WORK TO COMPLETE. Give the data below again exactly as written, without its pictures.

INFORMATION SUPPLIED.
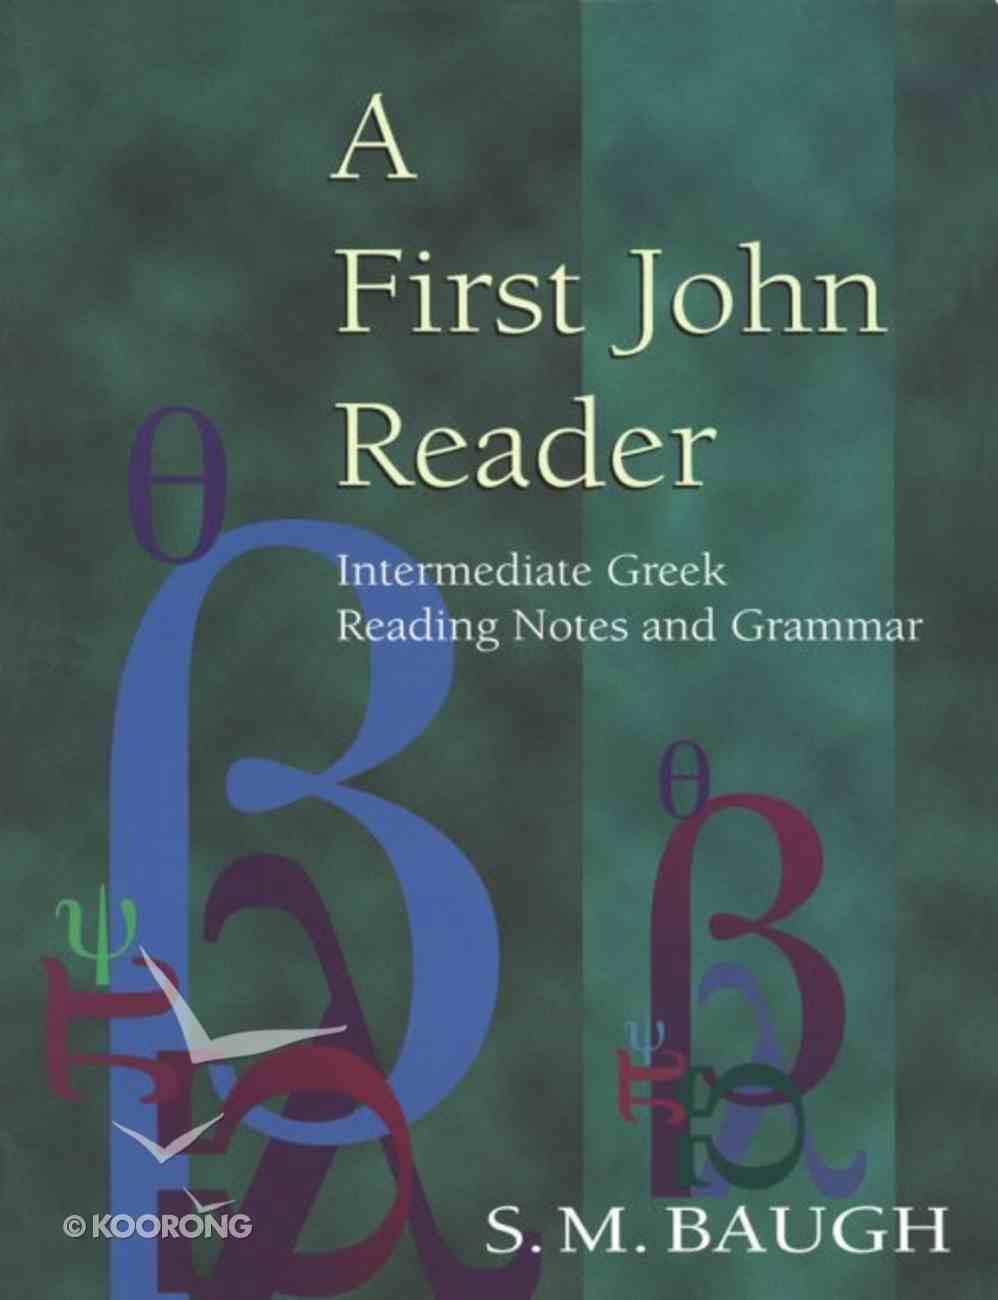 First John Reader Intermediate Greek Reading Notes and Grammar Paperback
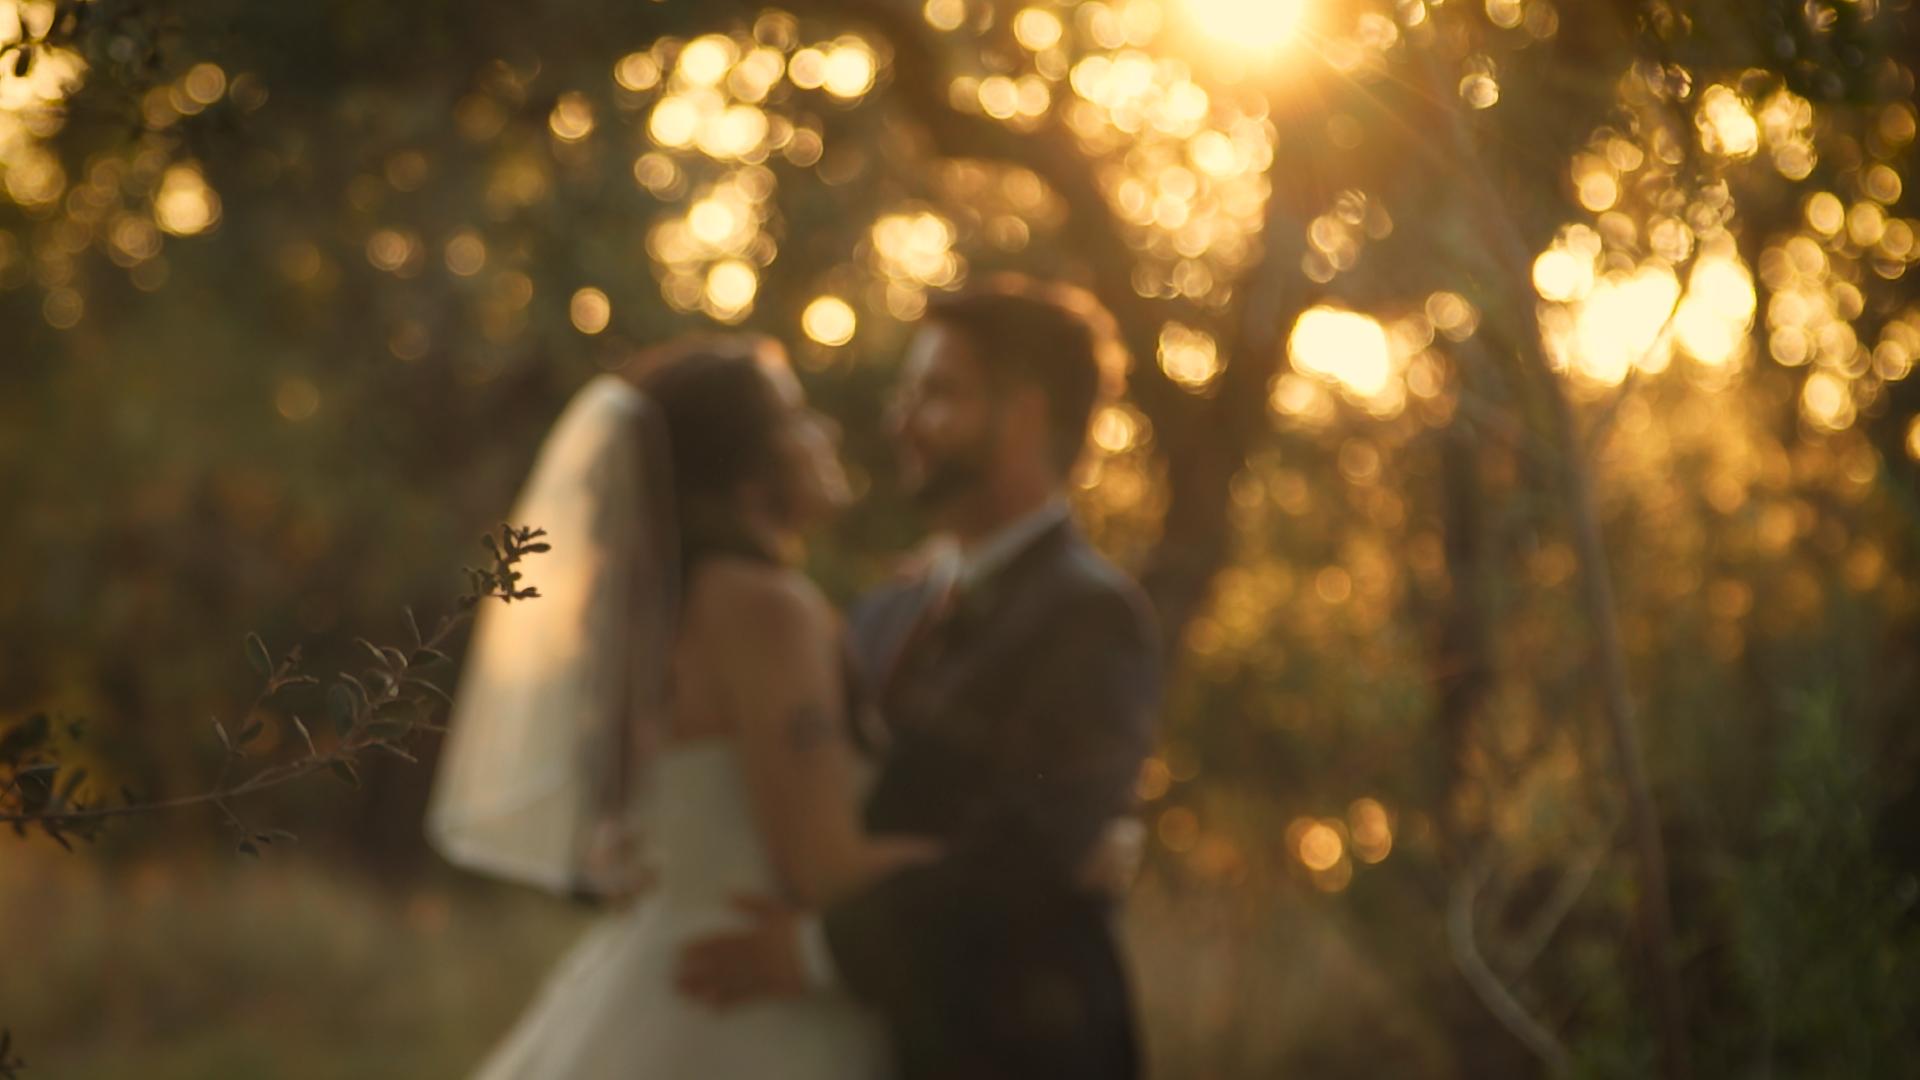 Rebecca_and_Daniel_Wedding_Austin_Texas_Vista_West_Ranch25.png
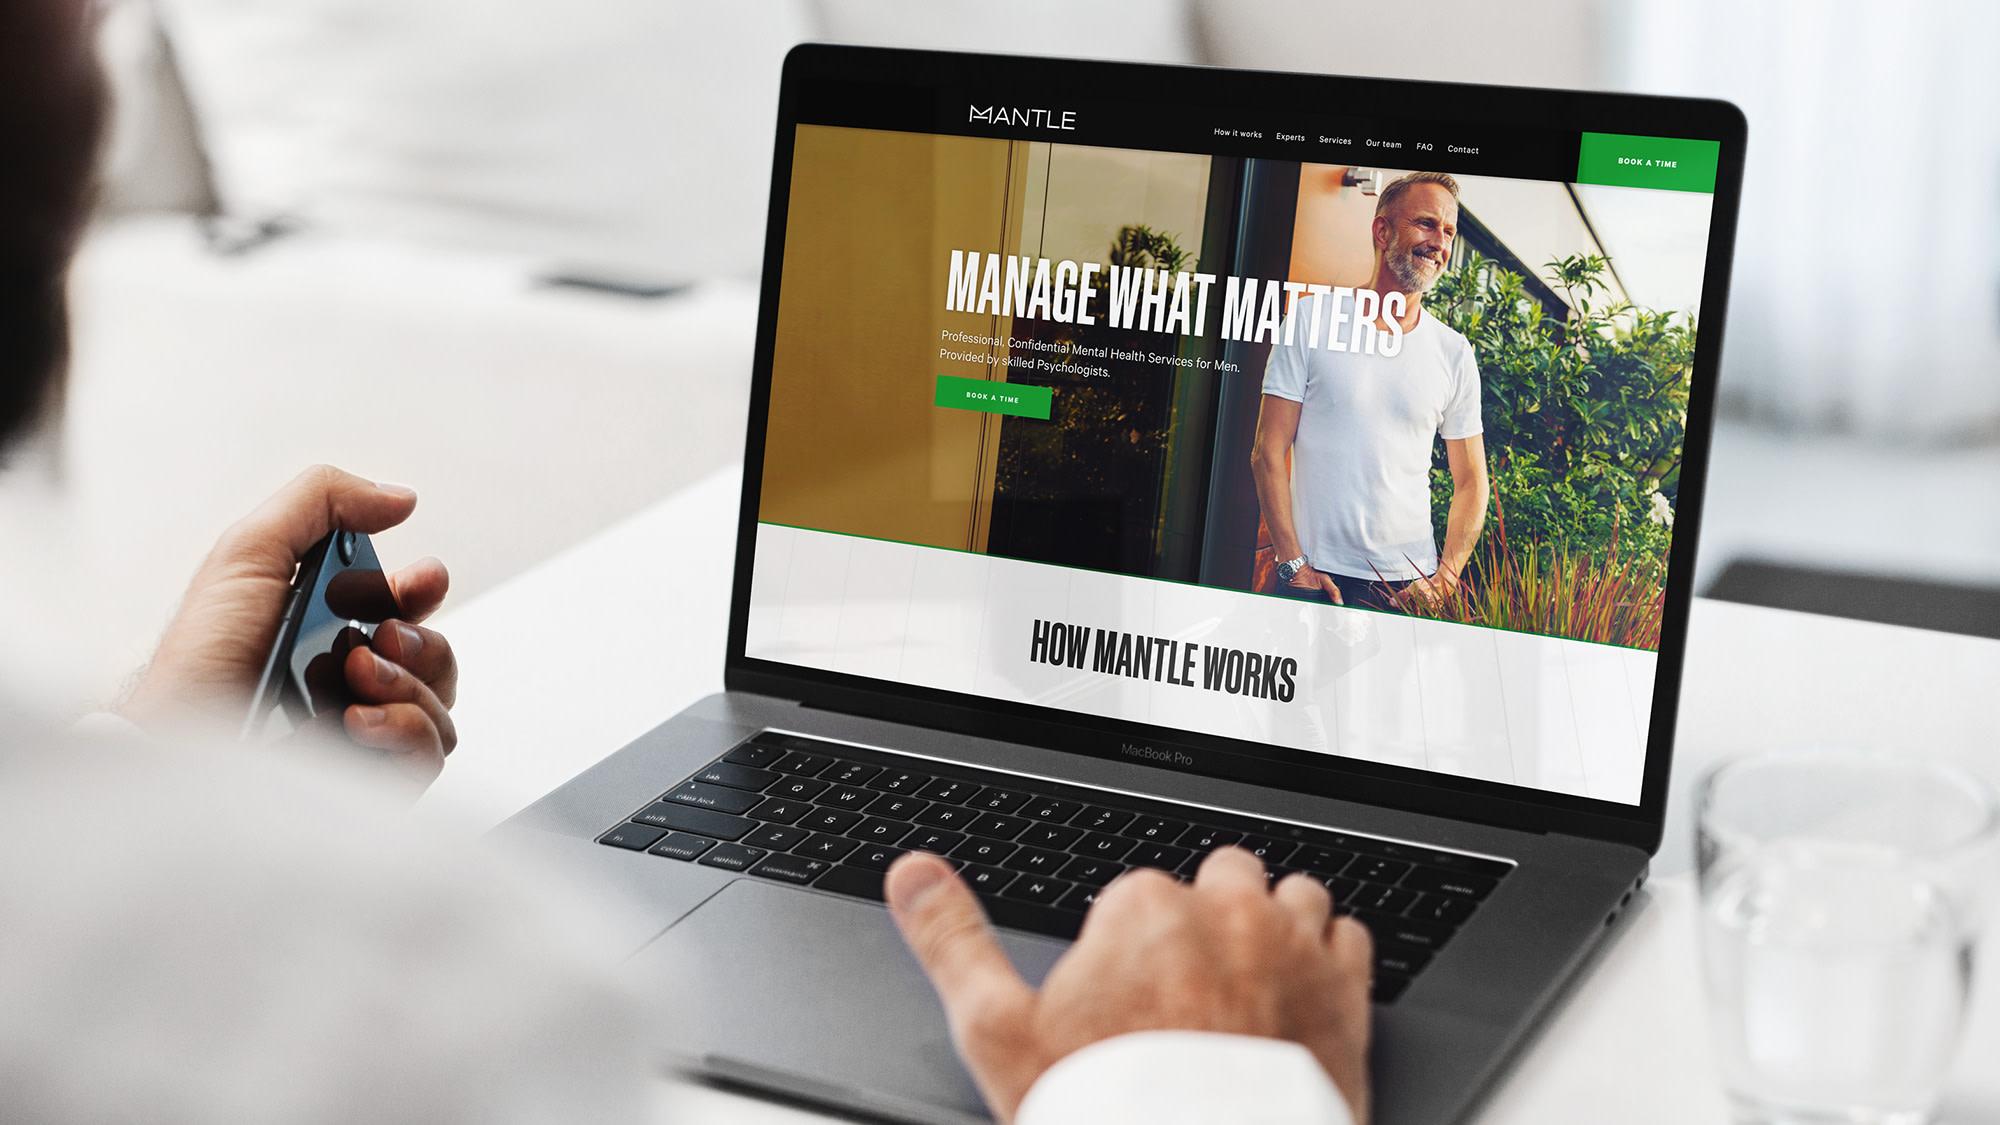 mantle health on laptop

RESPONSE TO THE TASK.
 First John Reader Intermediate Greek Reading Notes and Grammar Paperback
 Rebecca_and_Daniel_Wedding_Austin_Texas_Vista_West_Ranch25.png
 mantle health on laptop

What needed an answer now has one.